Depending on the state, we calculate the directional derivative for each boundary primitive adjacent to the vertex. Our algorithm checks for each directional derivative, if its descent direction does not relocate the vertex away from \({\mathscr {B}}\), i.e., conforms to \({\mathscr {B}}\). Following the rule of steepest descent, we choose the directional derivative with the largest magnitude. Figure 3 shows how our algorithm relocates a vertex on the boundary maintaining the state of the vertex. In order to keep the state consistent after gradient descent, we limit the step size such that the vertex remains on its boundary primitive.
After relocation, we check if a vertex of state on triangle is now on edge or on vertex. Likewise, we check if a vertex of state on edge is now on vertex. This check is outlined by Algorithm 4 and uses the barycentric coordinates of the vertex regarding its current boundary triangle. If one or two barycentric coordinates are close to zero, the vertex is set to the corresponding edge or vertex, respectively.
4.4 Flips
Performing flips in parallel requires conflict detection, because otherwise flipping does not guarantee a valid mesh, as can be seen in Fig. 4. In harmonic triangulations, prioritizing flips by their reduction of the trace leads to good element quality [1]. We exploit this property and resolve the issue of conflict detection by finding the locally most beneficial harmonic flip, as shown in Fig. 5. As a result, we are able to perform harmonic flips massively parallel without significant differences to sequential computations. We present Algorithm 5 that identifies feasible and locally most beneficial flips. We encode flips by the index of the flipped mesh facet and an identifier for the type of the flip:
Our algorithm performs a parallel pass over all \(\tau \in \text {T}\) to identify the most beneficial flip for each \(\tau \). Each \(\tau \) can be flipped at either one of its six edges or one of its four faces. Hence, we evaluate feasibility checks and quality improvements regarding \(\eta \) of the potential flips in a predetermined order. Face or edge flips are only feasible on interior faces or edges, respectively. Each flip requires its incident tetrahedra to form a convex subtriangulation. Whenever a flip is feasible, we compare its quality improvement to the currently most beneficial flip. As a result, we obtain the most beneficial harmonic flip for \(\tau \). If no harmonic flip has been found, our flipping algorithm terminates. Otherwise, we proceed with another parallel pass over all \(\tau \in \text {T}\).
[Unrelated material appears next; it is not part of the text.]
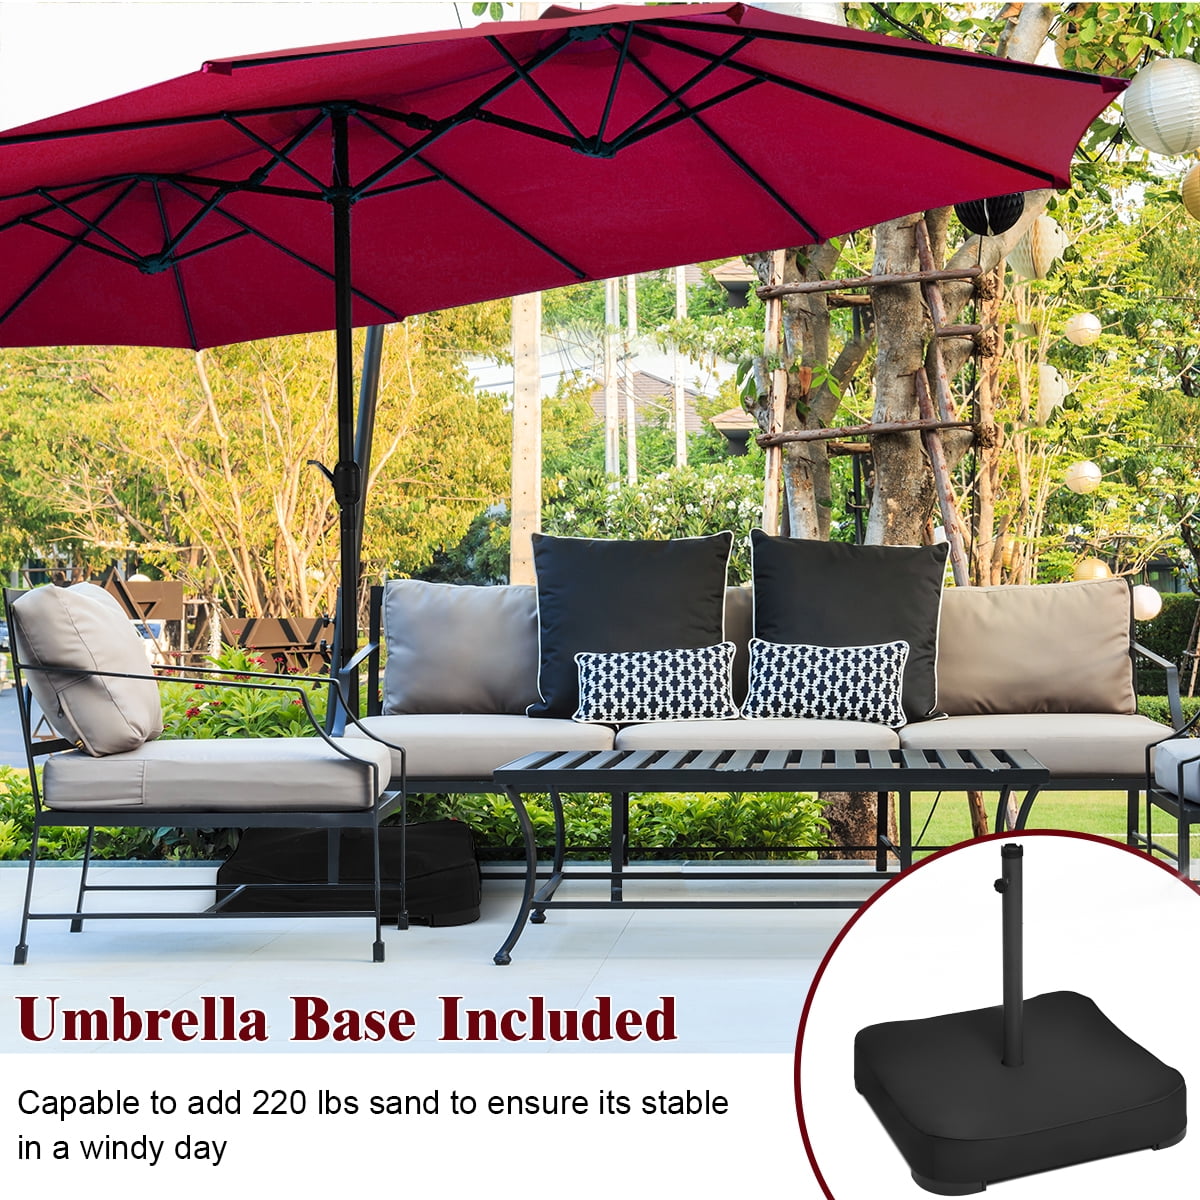 Adjustable Umbrella with Universal Clamp Midnight Blue for sale online Sport Brella Versa-Brella SPF 50

In order to prepare for building a new Triangulation \(\text {T}^\prime \), we allocate an array of markers indicating whether \(\tau \in \text {T}\) is part of \(\text {T}^\prime \) or not and an array of integers for the number of newly added tetrahedra. For each \(\tau \in \text {T}\), we find locally most beneficial flips in parallel. Using flip type and facet index, we obtain the tetrahedra incident to the flip using the precomputed connectivity relationships. No conflict occurs, if the flip is the most beneficial flip for each incident tetrahedron in the convex region of the flip. In this case, the flip is locally the most beneficial and is selected to be performed. Consequently, the tetrahedron associated with the thread can be marked for removal. We elect a coordinator thread to perform the flip. If the index of \(\tau \) is the lowest of the incident tetrahedra, the associated thread is declared as the coordinator. The coordinator thread sets its integer value to the number of tetrahedra added by performing the flip. Since only coordinator threads write to the array of integers, thread i is a coordinator thread if this array holds a nonzero entry at position i.
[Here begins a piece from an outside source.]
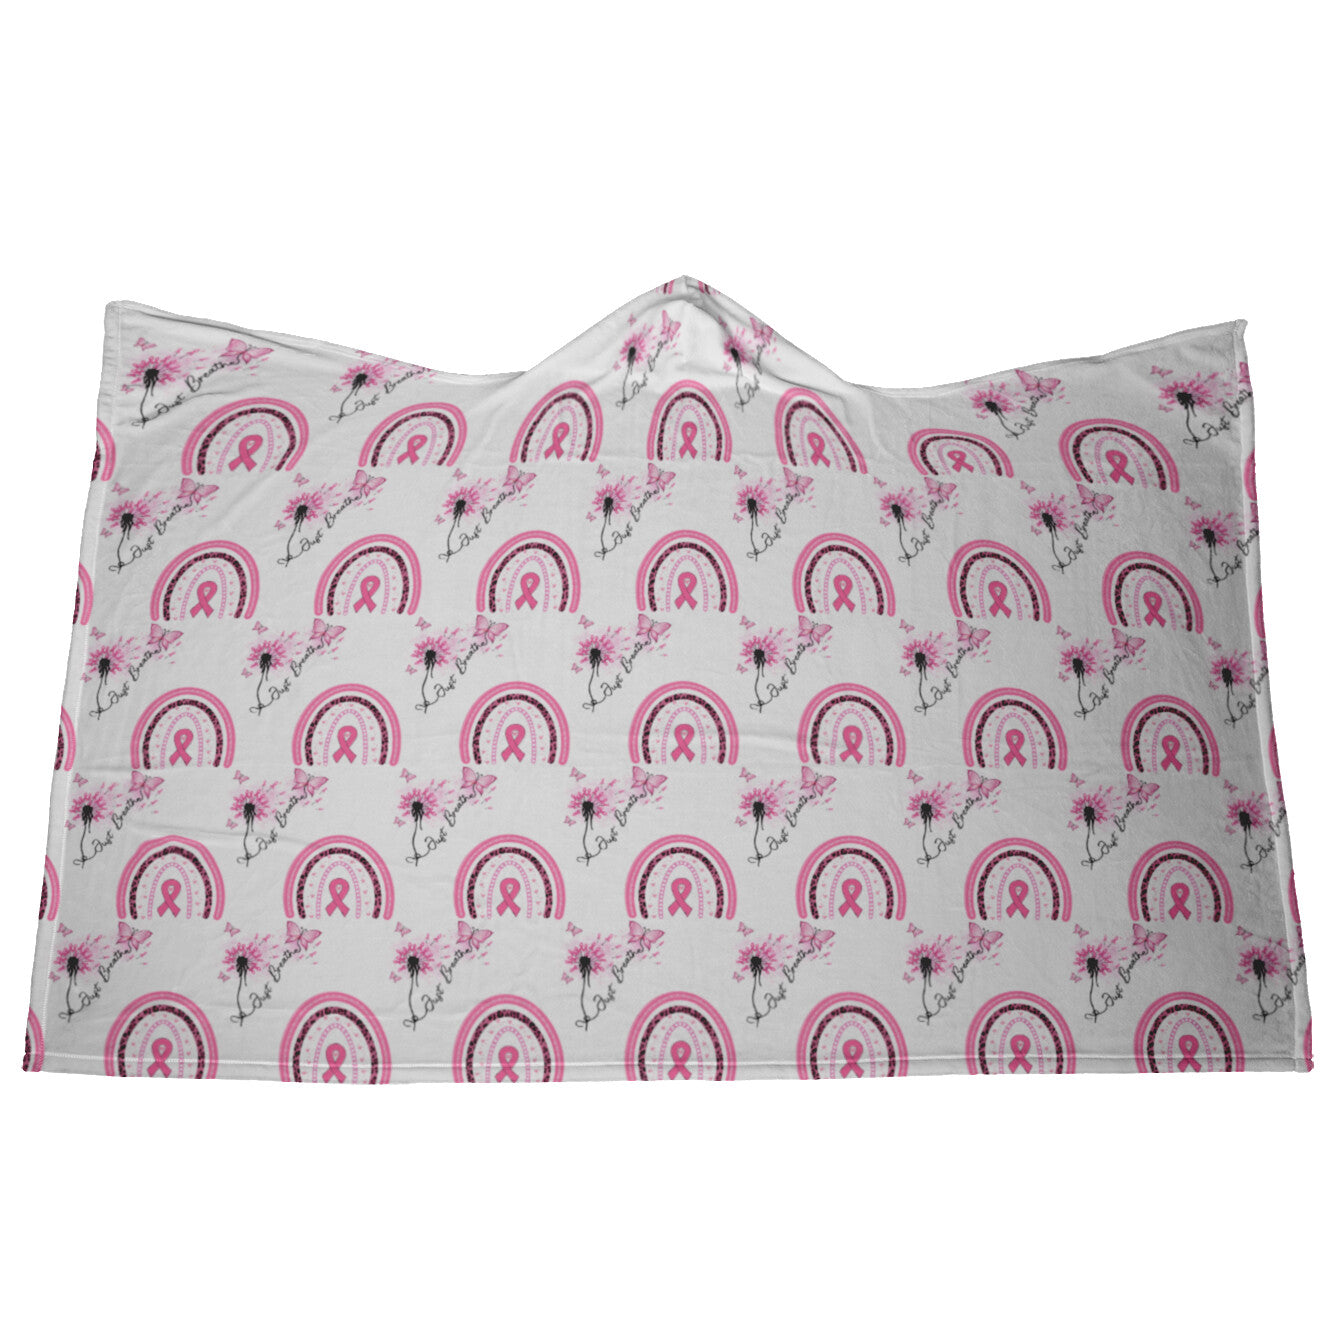 Hooded Breast Cancer Awareness Blanket

An exclusive prefix sum over the integers for new tetrahedra provides offset positions and the total number of tetrahedra to be added. The marker values of the tetrahedra in sum amount to the number of remaining tetrahedra. We allocate a new buffer for the resulting tetrahedra and copy the remaining tetrahedra through a stream compaction to a newly allocated buffer. In a final parallel pass over the tetrahedra, the coordinator threads perform the flips and append the resulting tetrahedra to the remaining tetrahedra using the offset positions.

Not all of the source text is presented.